High-Dimensional Statistics

Course Number: 
Hours - Lecture: 
Hours - Lab: 
Hours - Recitation: 
Hours - Total Credit: 
Typical Scheduling: 
Starting Fa 21 every Fall

The goal of this PhD level graduate course is to provide a rigorous introduction to concepts and methods of high-dimensional statistics 

having numerous applications in machine learning, data science and signal processing.

Course Text: 

At the level of books by R. Vershynin, High-Dimensional Probability.
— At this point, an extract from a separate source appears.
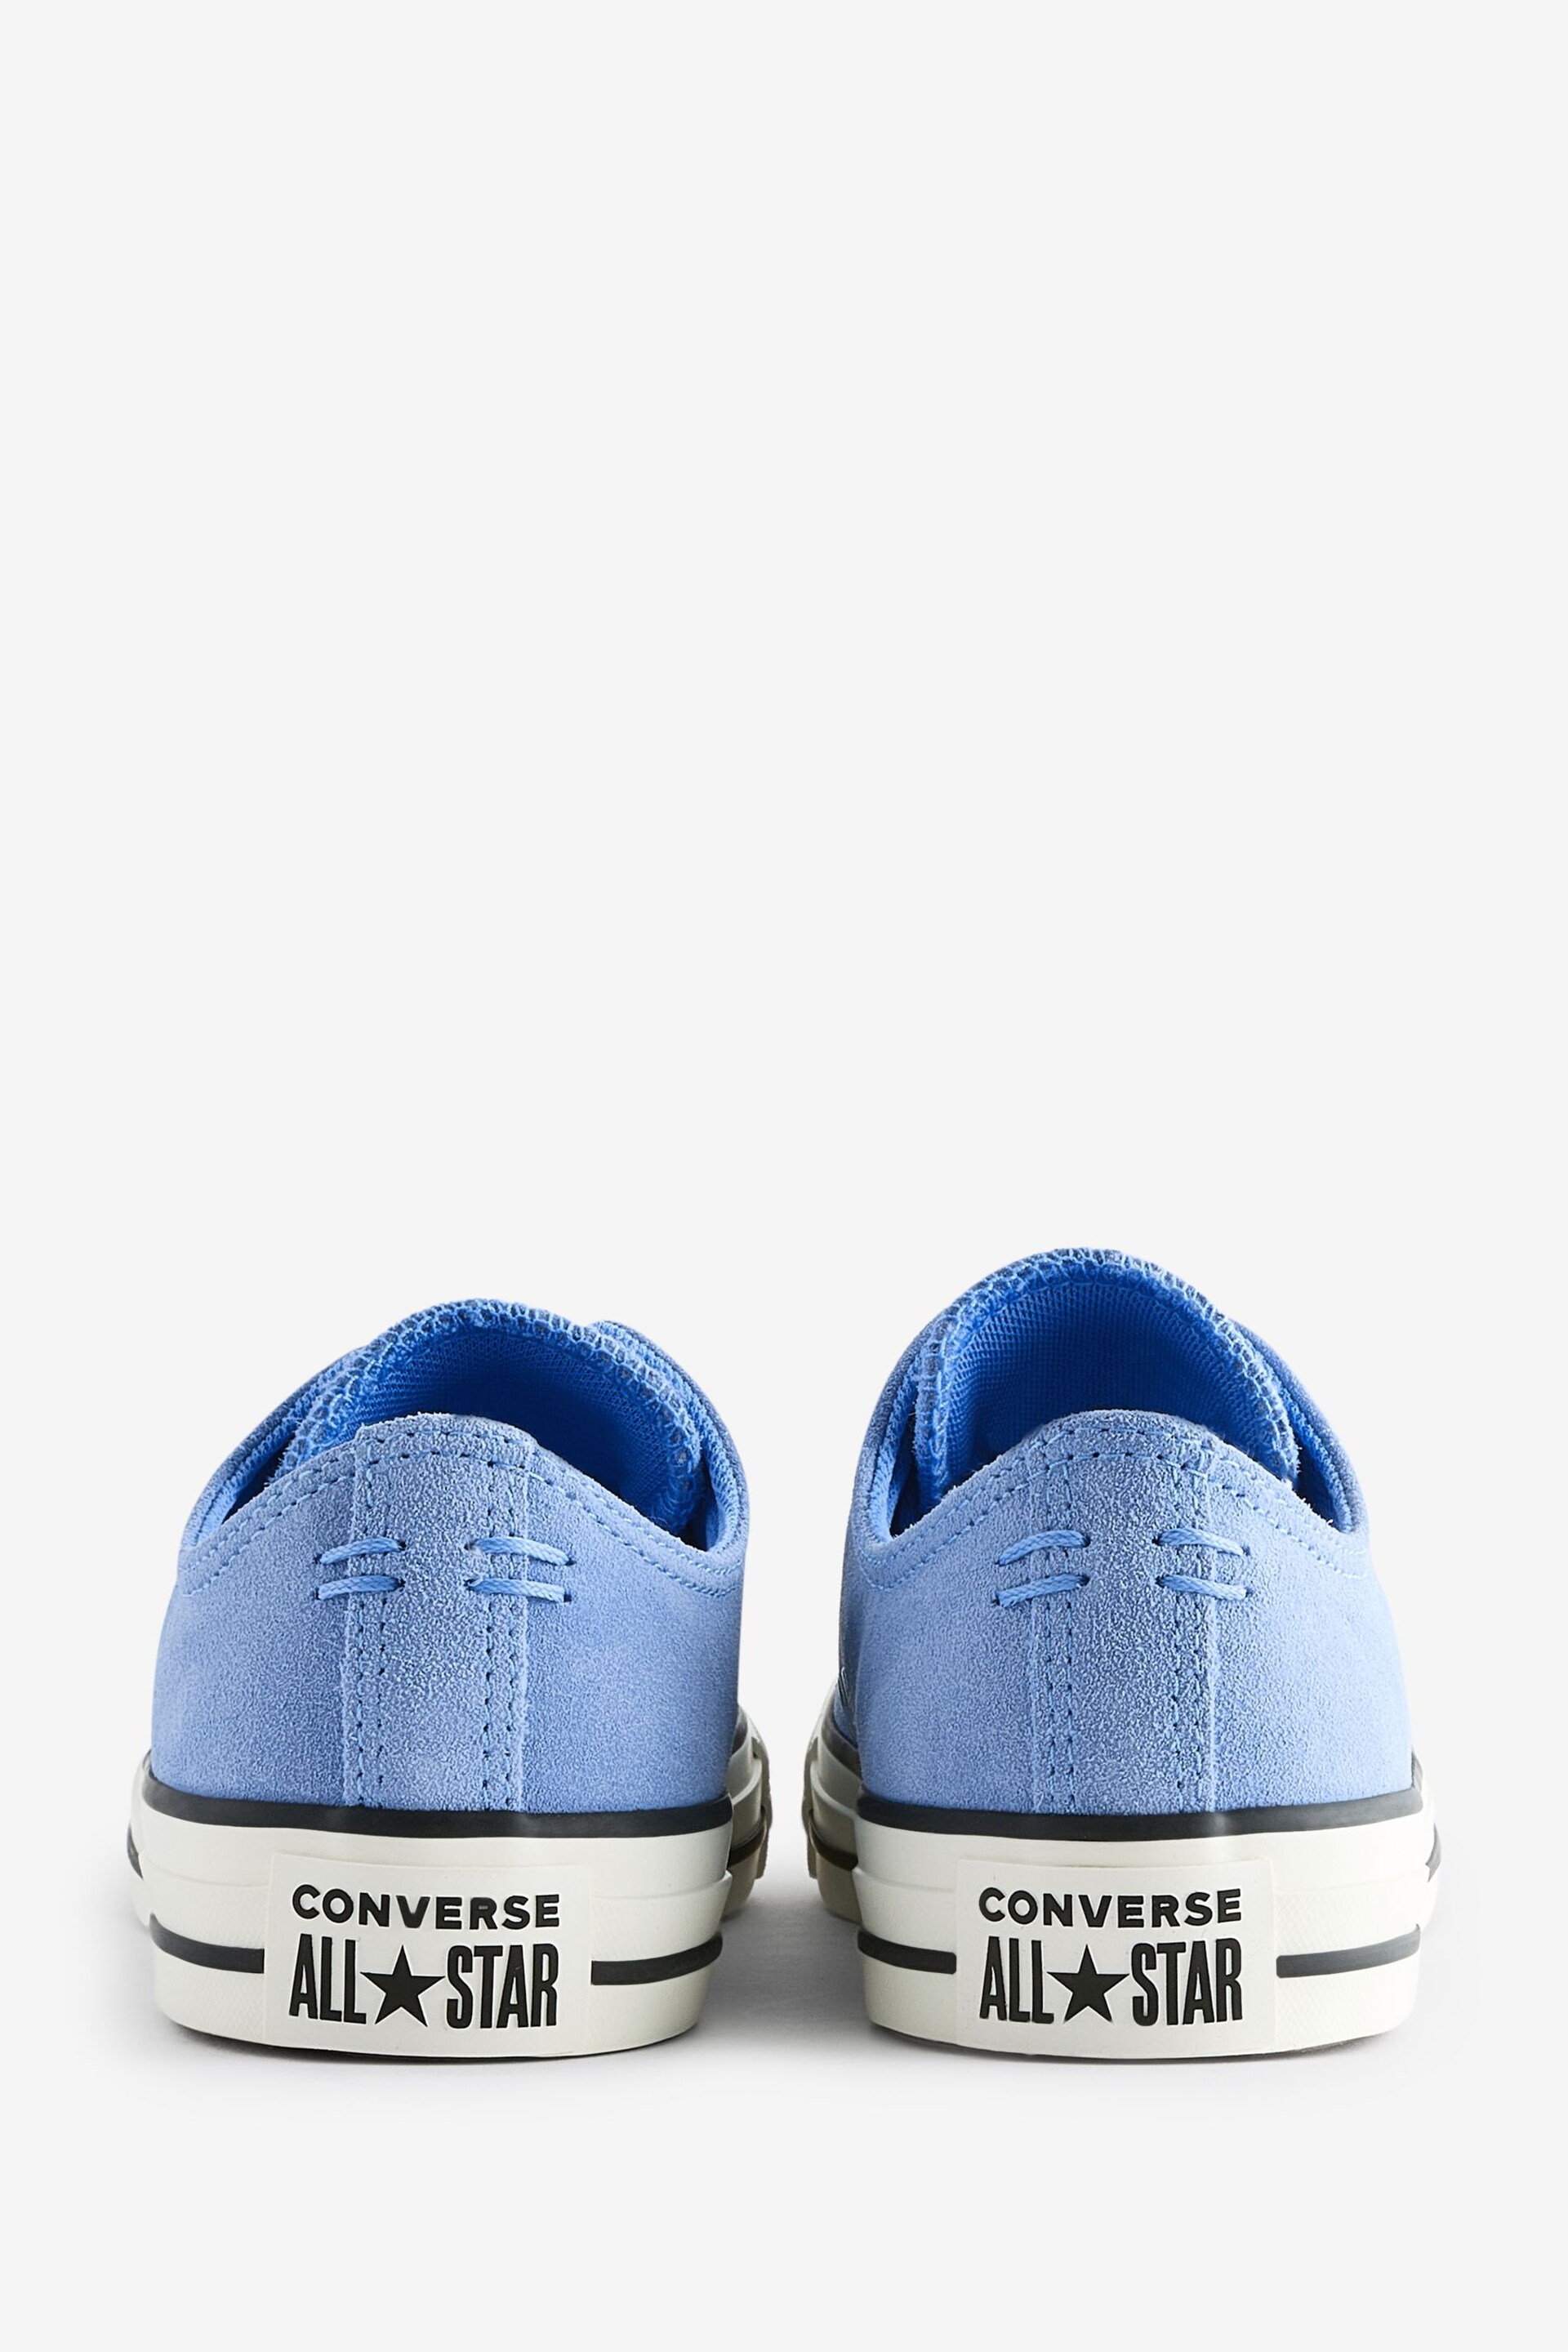 Converse Light Blue Chuck Taylor All Star Suede Ox Trainers - Image 4 of 9
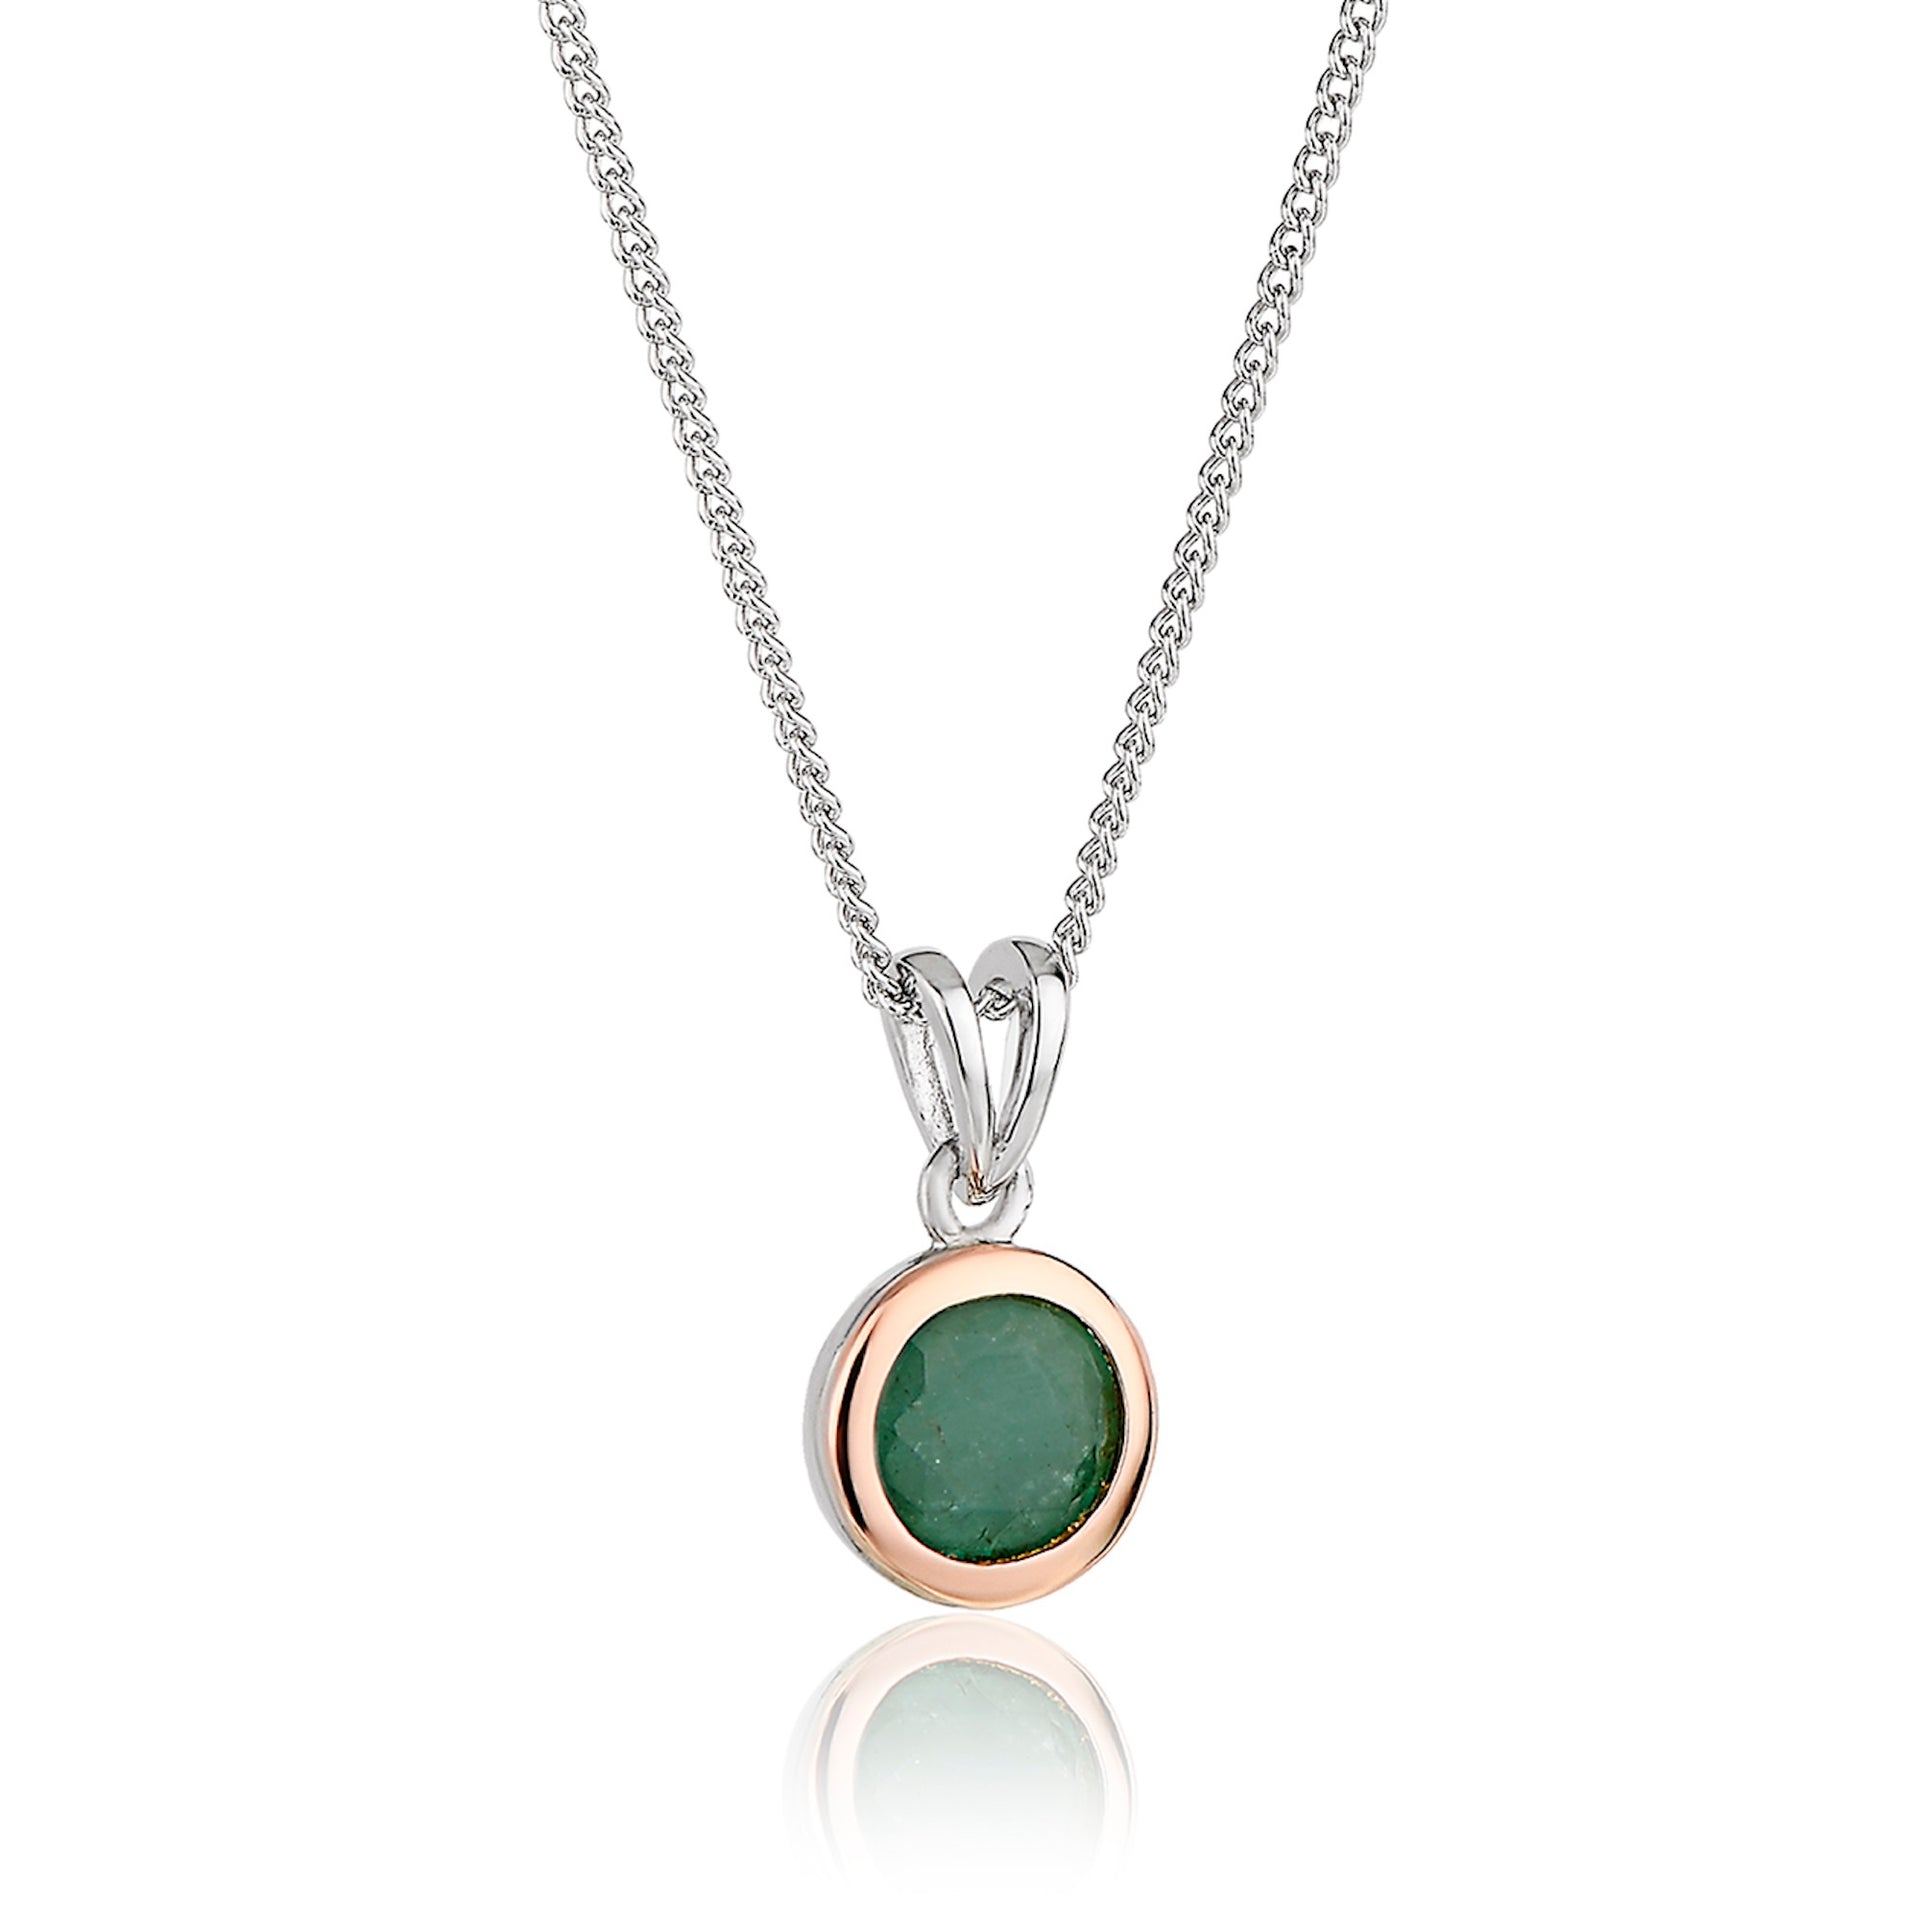 Birthstone Silver and Emerald Pendant – May

An Introduction with Applications in Data Science, Cambridge University Press, 2018 and C. Giraud, Introduction to High-Dimensional Statistics, CRC Press, Taylor &Francis Group, 2015. Some of the topics are based on recent research papers. 

Topic Outline: 

Empirical processes: symmetrization and multipliers inequalities, concentration inequalities, comparison inequalities for Rademacher process; VC-dimensions, metric entropies and other measures of complexity; entropy and generic chaining bounds for empirical processes.


Empirical risk minimization and risk bounds in learning theory: classification and regression 

problems; margin type bounds in classification; oracle inequalities in empirical risk minimization;

generalization bounds for learning machines (kernel machines, boosting, deep neural networks, etc).


Sparsity in high-dimensional problems: sparse recovery problems (compressed sensing);

sparse linear regression models, l_1-norm penalization (LASSO) and 

sparsity oracle inequalities.


Low-rank matrix recovery: trace regression models, matrix completion and quantum state tomography; nuclear norm penalization and low-rank oracle inequalities.


High-dimensional covariance estimation: complexity of covariance estimation problems;

optimal error bounds for sample covariance; high-dimensional and sparse principal component 

analysis (in particular, methods related to random matrix theory).